There was a slight misunderstanding, and my kids are out in the yard looking for rabbits, but whatever keeps them busy
If your surname is Rice and you don’t name your kid, Fried then I can never be friends with you.
i like when people have names where clearly their parents couldn’t decide between two and they just have to live with Jennica
There were a lot of tears when I dropped my kid back to school today. I think it’s really unprofessional when his teacher cries in front of us.
Was Guy Fawkes hot? Well, by our standards, no. However, he was extremely religious and violent, which was the 17th century’s equivalent of being hot.
Oh my God. Where are you?
Car keys: LMFAO
My 16 has entered the terrible 2s again but with a grown-up nefarious twist.
Have you tried soaking yourself in rice to fix your problems?
~ Me as a therapist
Ladies: To see how a guy is in bed, watch him put on a shoe. Does he just cram his foot in? Or does he lick the shoe fully then gently enter
When I was in college our house got robbed. My roommate took the cops to my room and they said wow they trashed this room and she said no that’s just how she lives. I think about that sometimes.
[police chasing man on foot]
Police: STOP RIGHT THERE!
Man: *breathless* Oh God! I can’t run anymore.
Police: *grinning* sounds like you need… arrest.
VAMPIRE HUNTER: It’s so strange…why is this one coffin turned over on its side?
ME, from inside: I don’t like sleeping on my back.
*arouses suspicion*
Suspicion: I have a boyfriend.
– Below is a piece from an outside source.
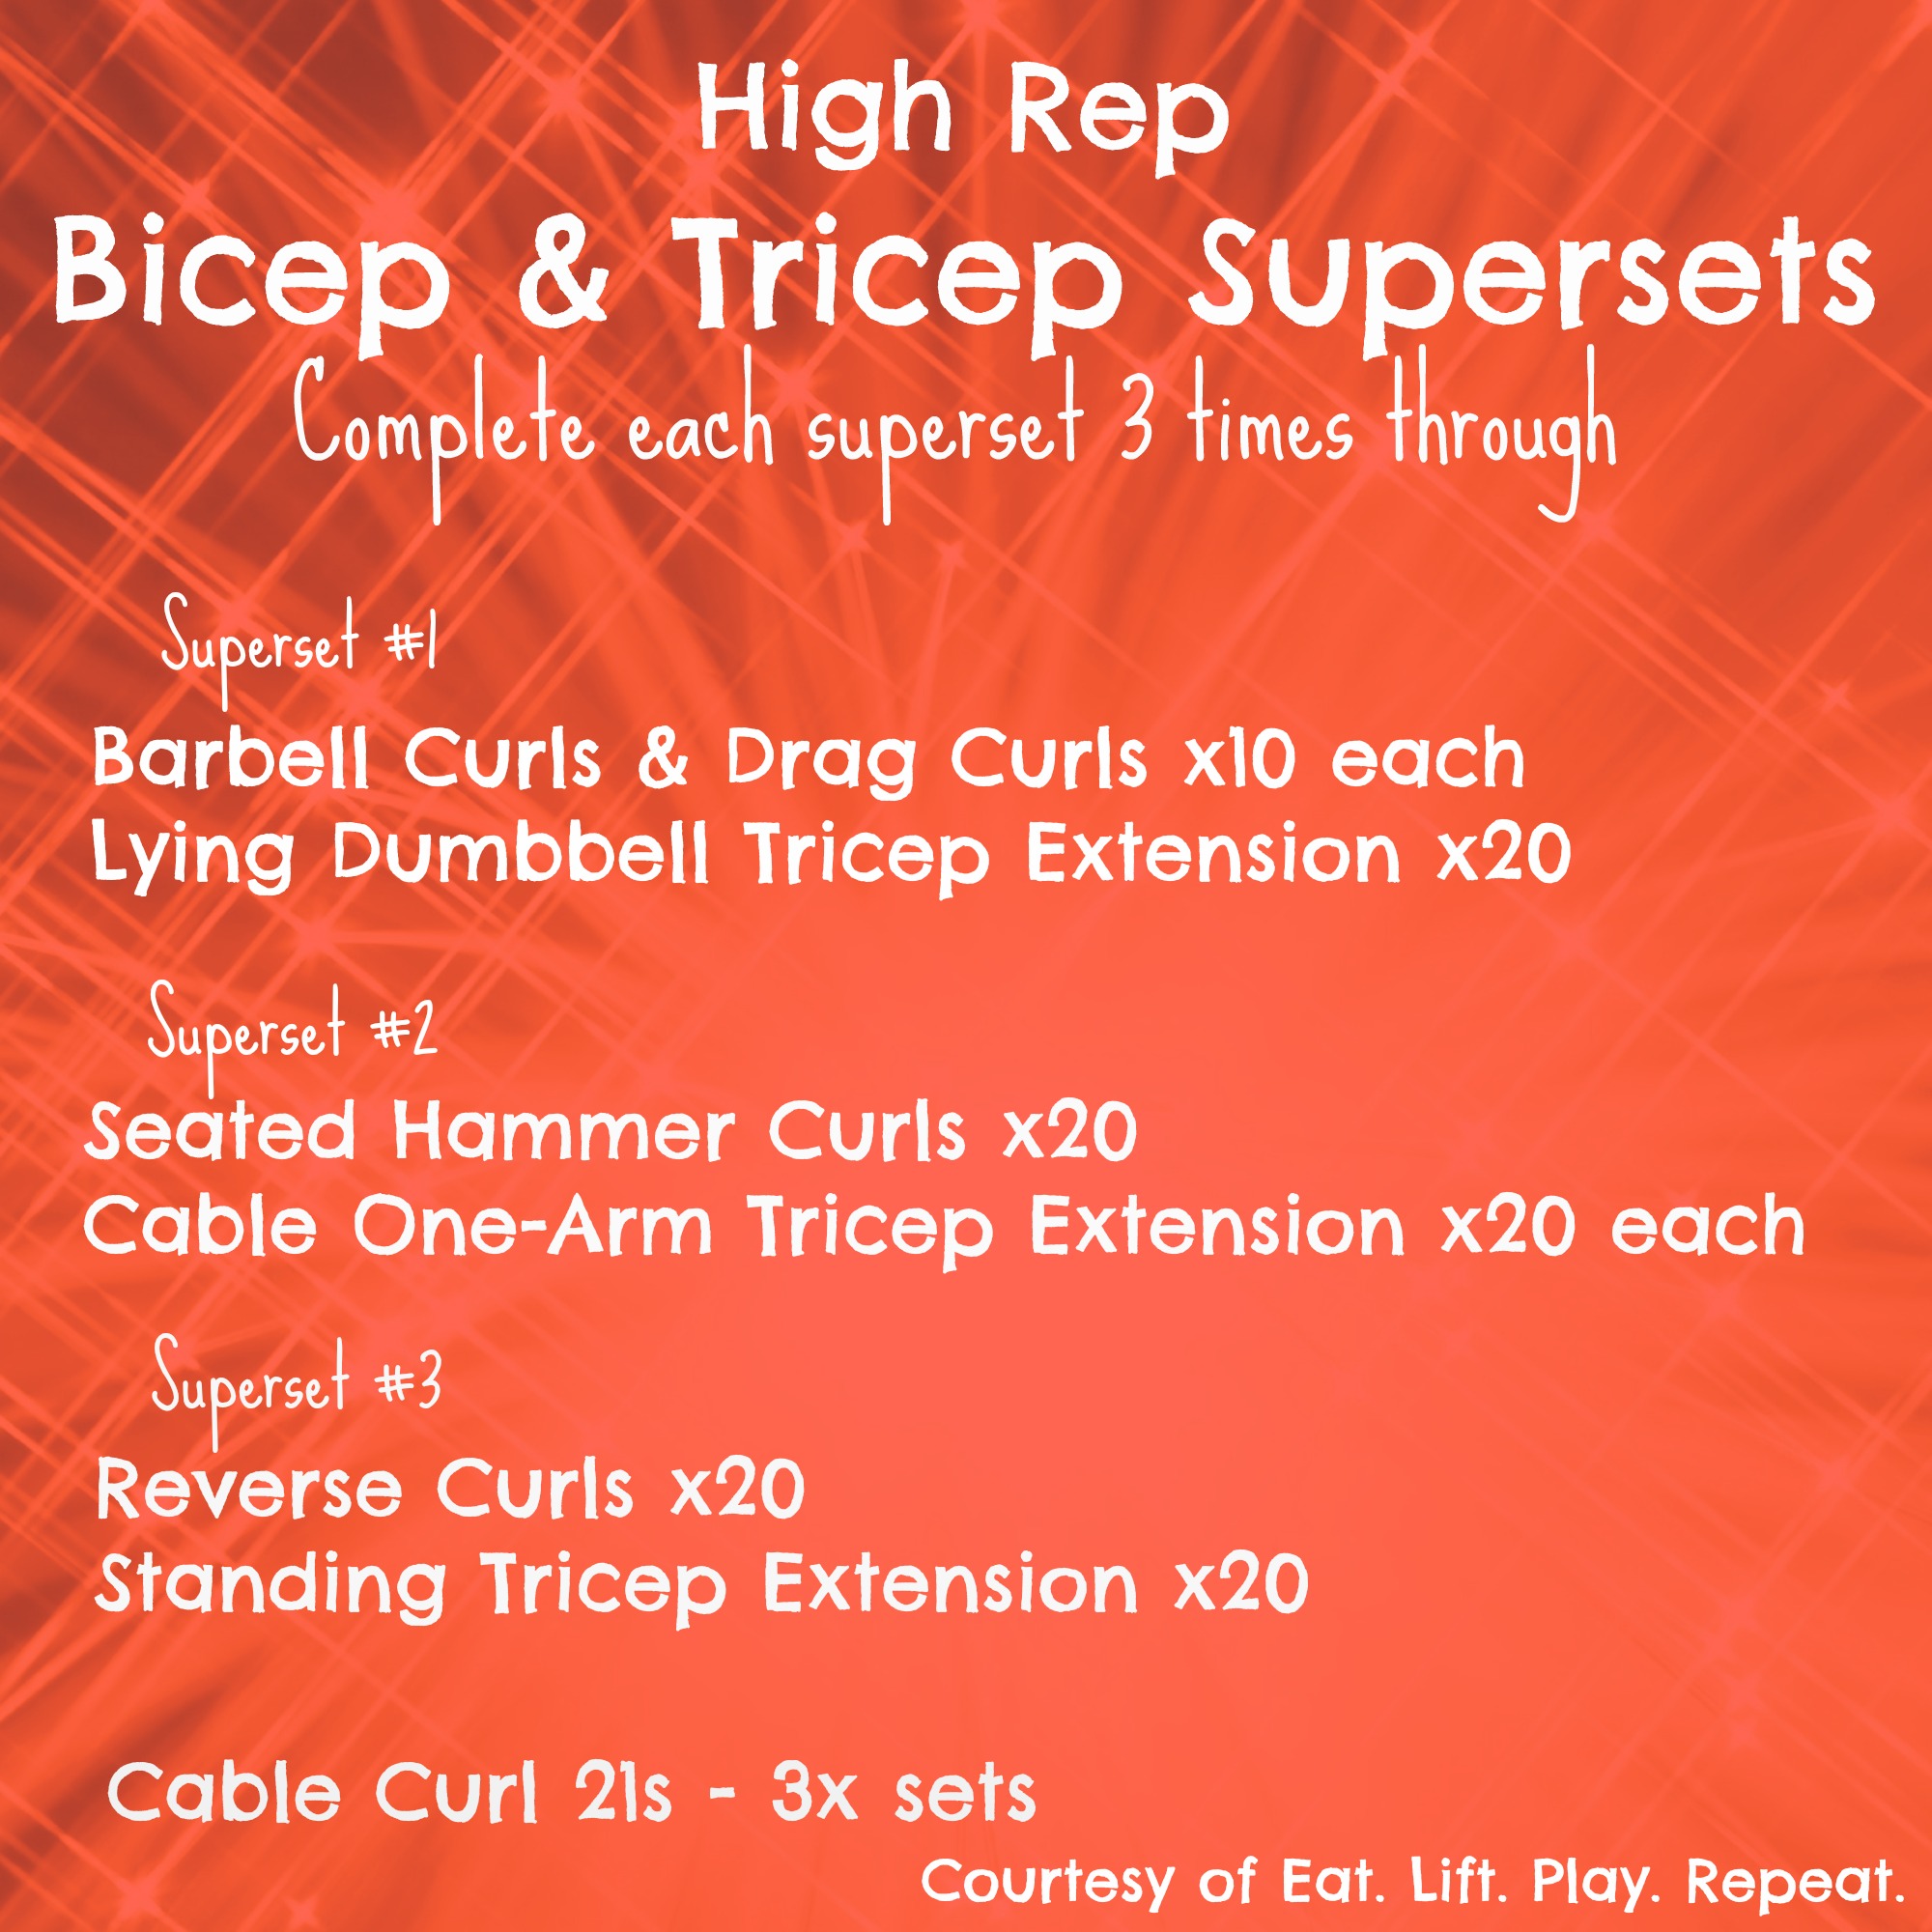 High Rep Bicep & Tricep Supersets - Eat. Lift. Play. Repeat.

But c’mere.
It’s so cold today, I just grabbed the first 2 kids that got off the bus.
They look like nice kids, the redhead seems a little feisty.
Biden: Told Trump about Carter’s ghost in the West Wing
Obama: Carter is still alive
Biden: He doesn’t know that
Open casket funeral? Remains to be seen.
Customer: Excuse me, are you the manager? Those Xmas Hams are expired
Manager: Um…
[changes sign to “Vintage Hams”]Hipster: I’ll take 4
Took over 70 days of quarantine but we finally got that roll of Christmas wrapping paper from behind the bedroom door put away.